## Given material
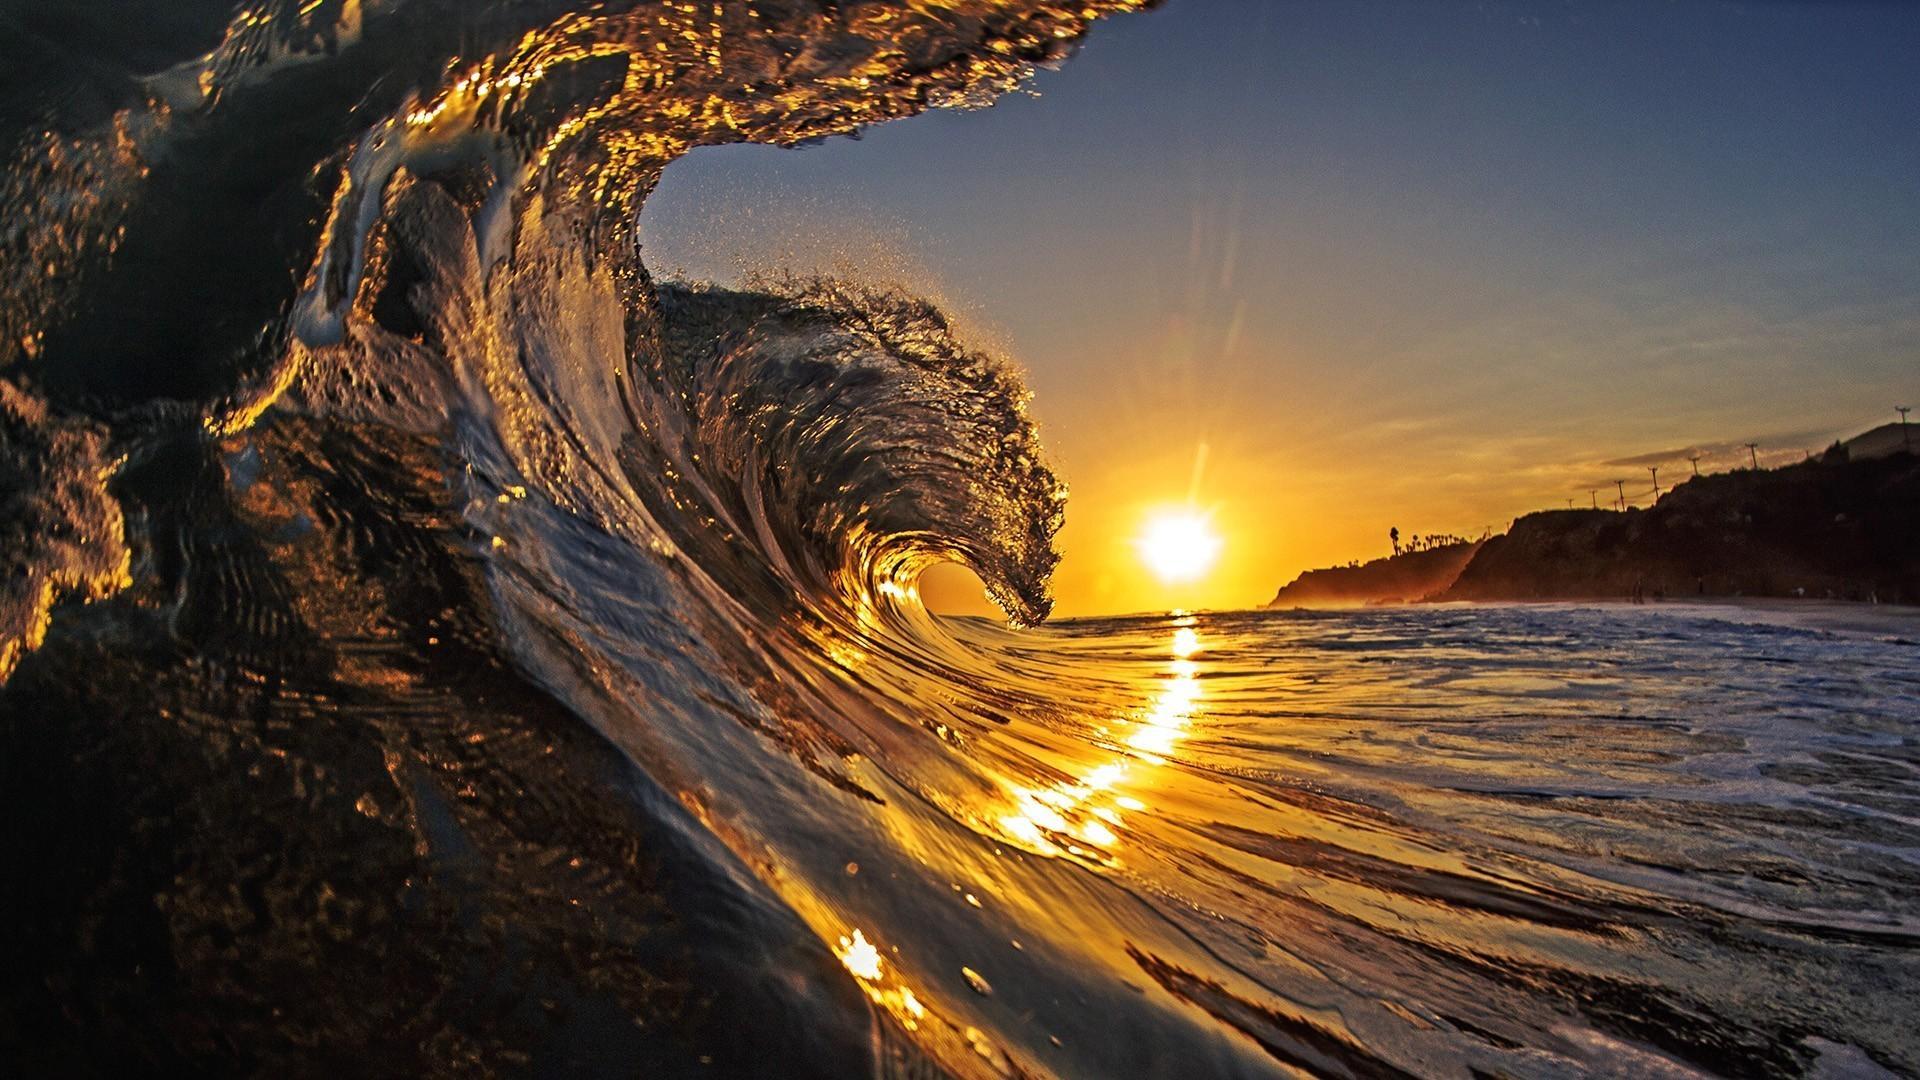 Sunset Surf HD desktop wallpaper, Widescreen, High Definition
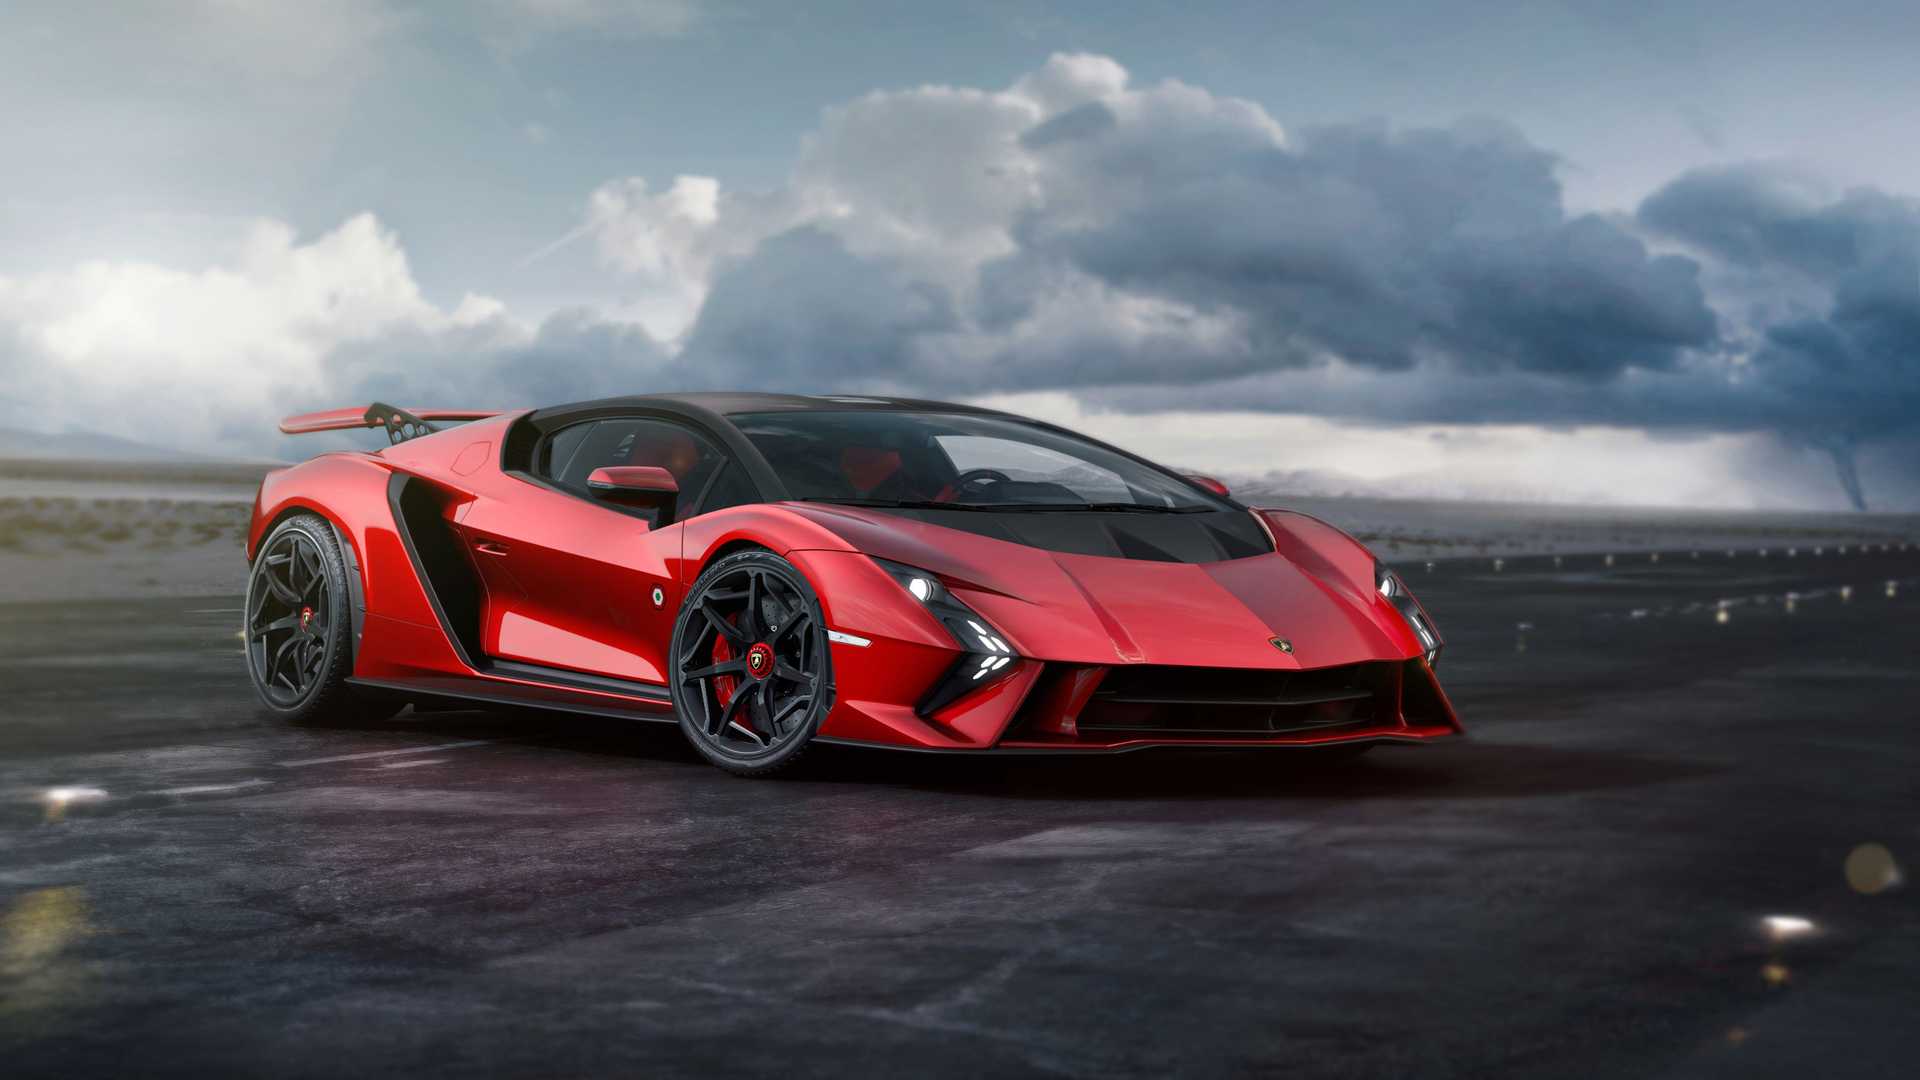 Lamborghini ra mắt bộ đôi siêu xe V12 chạy xăng cuối cùng, sau đây sẽ toàn siêu xe điện êm ru chưa biết nẹt pô kiểu gì - ảnh 5
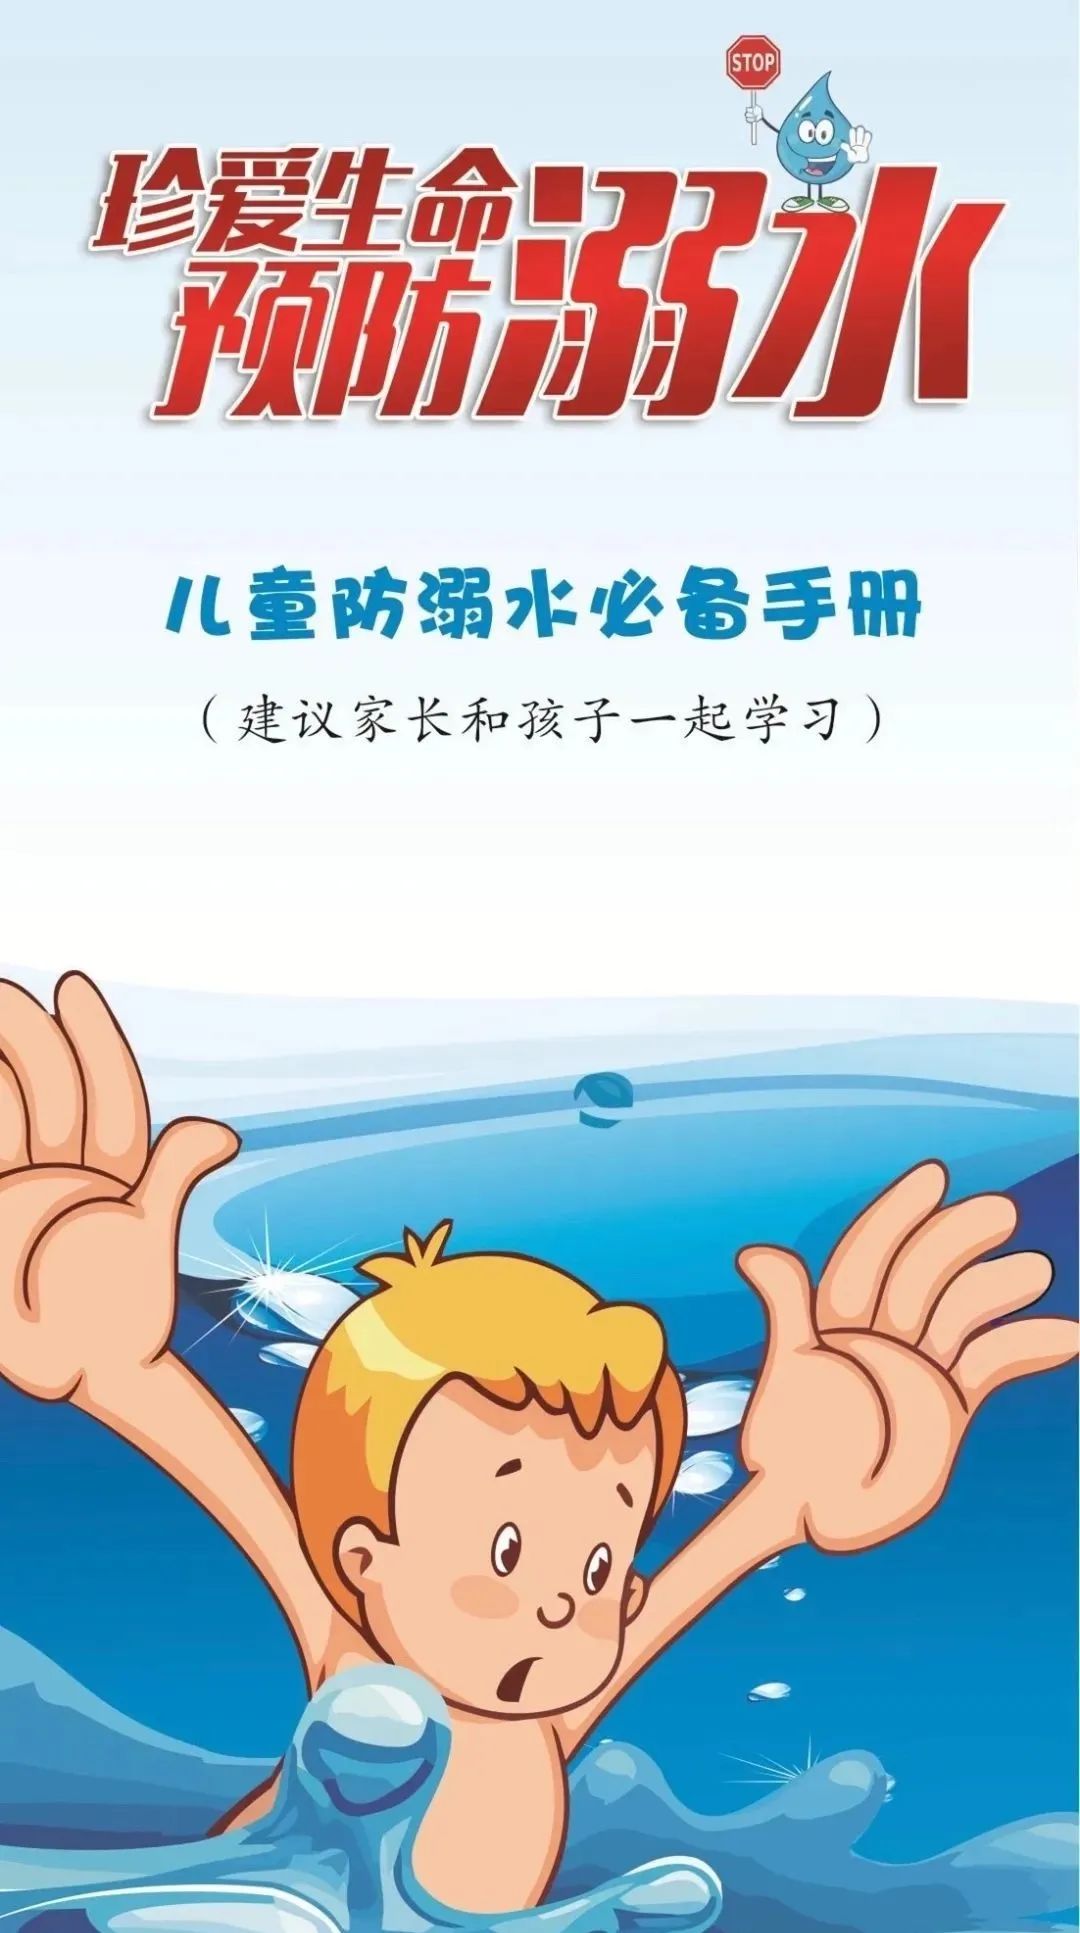 临沂第九中学南昌路校区开展“防溺水”系列宣传教育活动-在临沂

## Task details
Omitting the images, copy the listing exactly.

## Your solution
 Sunset Surf HD desktop wallpaper, Widescreen, High Definition
 Lamborghini ra mắt bộ đôi siêu xe V12 chạy xăng cuối cùng, sau đây sẽ toàn siêu xe điện êm ru chưa biết nẹt pô kiểu gì - ảnh 5
 临沂第九中学南昌路校区开展“防溺水”系列宣传教育活动-在临沂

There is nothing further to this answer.